The opinion of the court was delivered by: AVIS
The complaint in this case sets forth the making of an assessment for taxes based upon the possession of illicit liquor or, at least, the claimed interest of plaintiff in certain distilled spirits alleged to have been found on her farm; the making and execution of a distraint on the farm property; and the advertisement of the same for sale to satisfy the government lien. The complaint charges the illegality of the assessment and asks that the revenue collector and his deputy be permanently restrained from the collection of the claimed tax.
Application for temporary restraint was made soon after the filing of the complaint, and, after consideration thereof, I restrained the sale of the property until final hearing. The memorandum granting such restraint was filed March 12, 1940, and in it I discussed the reasons raised by the United States Attorney and disposed of questions of law in that memorandum.

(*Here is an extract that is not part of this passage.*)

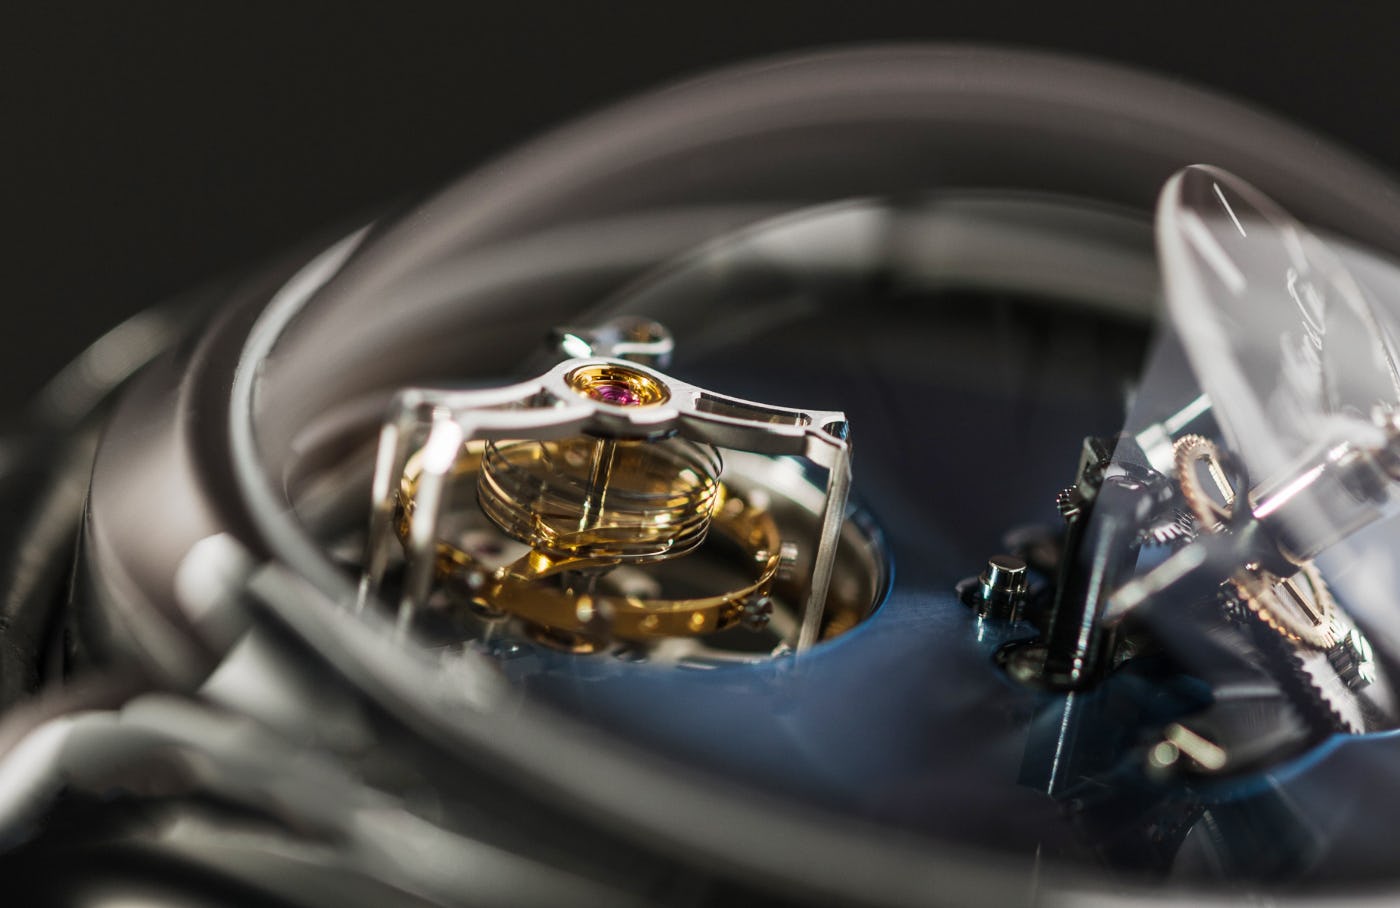 H. Moser x MB&F Endeavour Cylindrical Tourbillon dial detail

The facts now proven show clearly that, although Mrs. Leonardi may have some small equity in the farm she owns, she cannot raise the money to pay the taxes, and the sale of the farm would take away her opportunity to support herself and her children. I am adhering to the law stated in the aforesaid memorandum as applicable to the facts brought out on final hearing. I still believe that plaintiff does not have an adequate remedy at law; that the Court is not precluded from entering judgment for plaintiff by reason of section 3224 of the Revised Statutes, 26 U.S.C.A.Int.Rev.Code, Sec. 3653(a), and that restraint may be granted as against the defendants named without requiring the United States to be made a party.

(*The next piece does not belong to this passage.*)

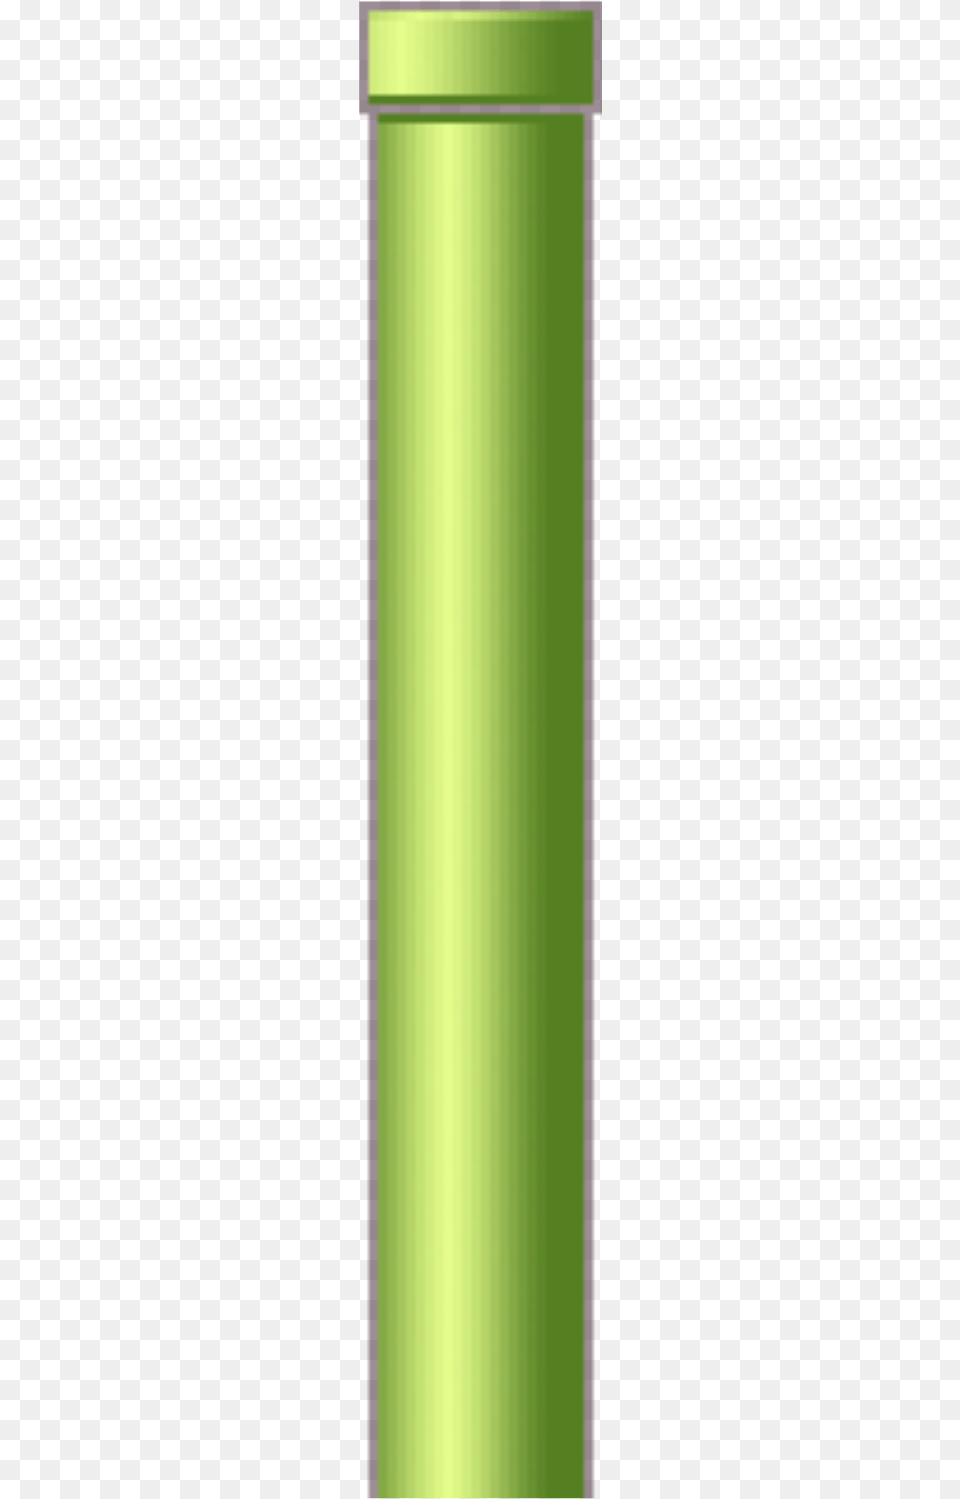 Flappy Bird Pipes Bottle, Green Free Transparent Png

They are clear -- Mrs. Leonardi owned a farm in Gloucester county, New Jersey; she rented a portion of it, including a building of some character, to some one who established an illicit still thereon upon the assertion that they expected to produce Javelle water for laundry purposes. She testified that she was to receive as rent $ 10 per week, and that she was not aware that a still had been erected on her place until it was seized by United States officers. She further stated that she was not in any manner interested in the use thereof.
The question involved pertains to whether Mrs. Leonardi was 'in any manner interested in the use of, any still, distillery, or distilling apparatus'. See 26 U.S.C.A. Int. Rev. Code, Sec. 2800(d). She denies that she was, and the only fact relied upon is that she rented the building and land for $ 10 per week and that she lived about 90 feet from the place where the still was erected and operated.

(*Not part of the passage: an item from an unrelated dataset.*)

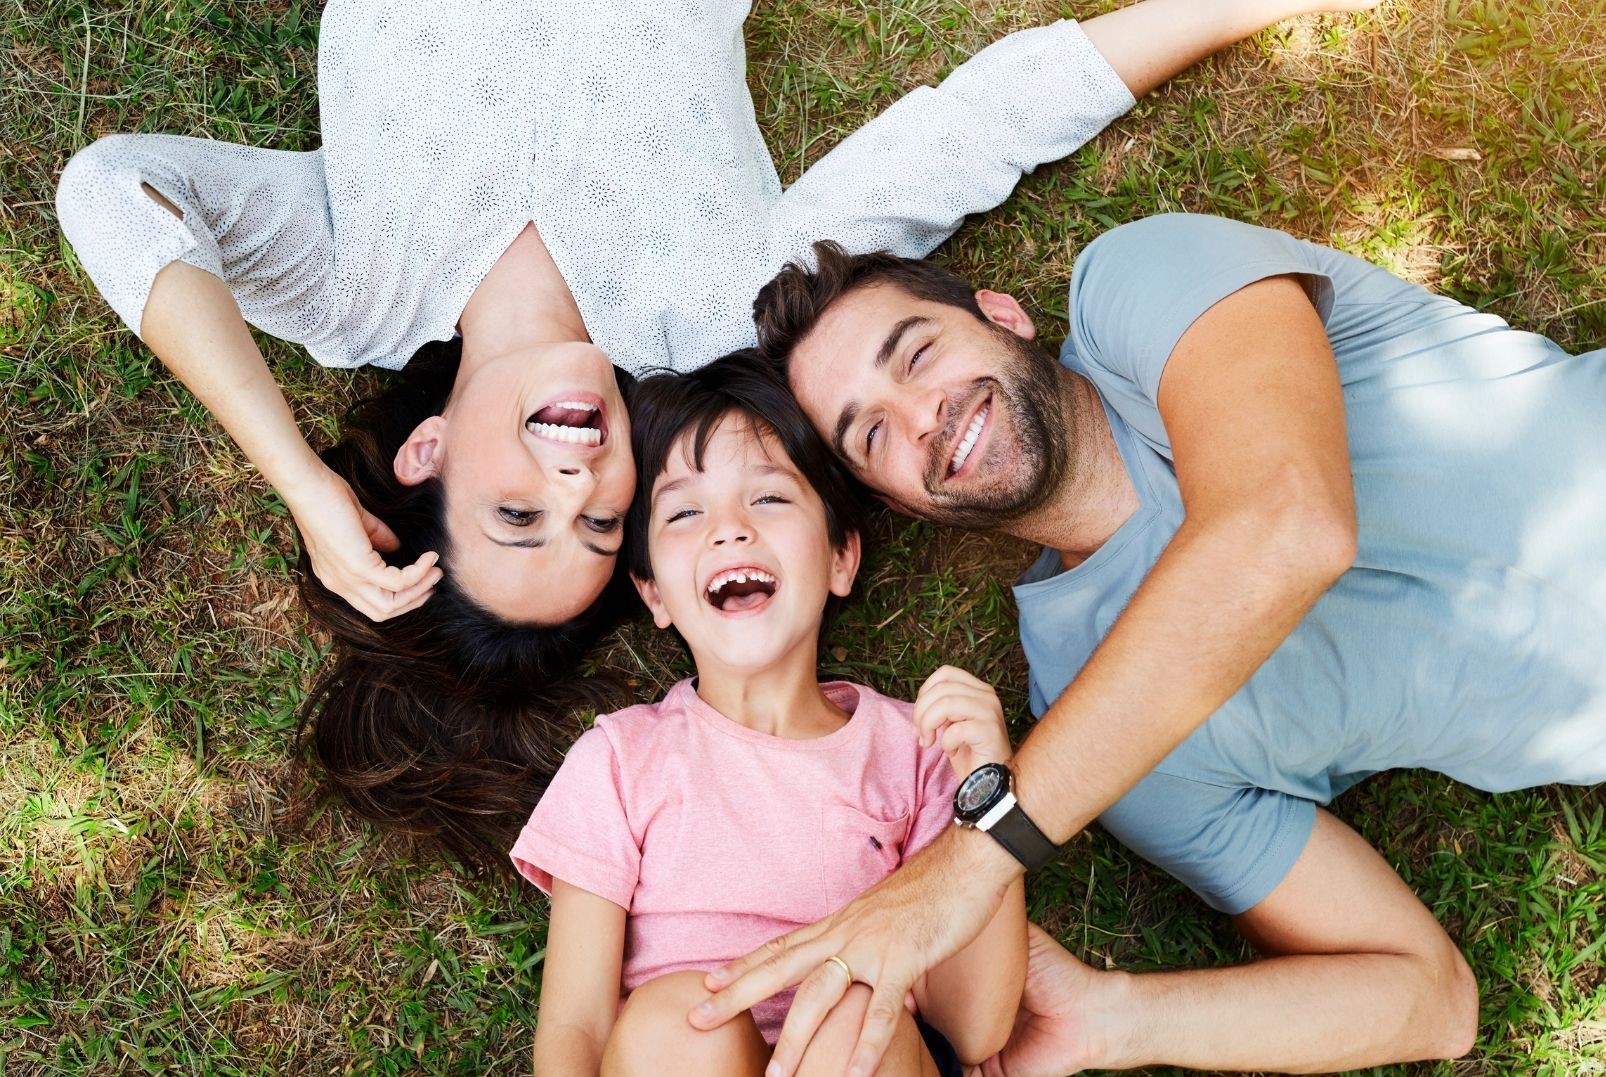 Mom, dad and a kid smiling on a grass field

I think this is not enough to make her liable for the assessment.
An early case involving somewhat similar facts is that of United States v. Van Slyke, C.C., 28 Fed.Cas. page 363, No. 16,610, 8 Biss. 227, in which the judge charging the law to a jury, in effect, said that a lessor could not be held liable under a tax similarly levied; that in order to hold a person liable as being interested in the use of a still a direct interest in the business must be shown, and that knowledge by defendant that illicit spirits were being manufactured on the premises did not render him liable for a tax.
I am inclined to believe that that principle is somewhat conservative and is not a sufficiently liberal interpretation of the statute. However, so far as I have been able to discover, the only case modifying the principle therein stated is that of Dougherty v. Lewis, D.C., 28 F.Supp. 621, and in this later case the court sustained the tax by reason of the fact that the lessor was to receive as rent the sum of $ 125 per month, an amount greatly in excess of the actual value, and further that he was fully aware of the use to which his property was to be put and that he permitted such use despite its illegality. This decision was affirmed in 9 Cir., 155 F.2d 478.
The judgment will be for plaintiff restraining the defendants from proceeding with the sale and directing a cancellation of the lien filed.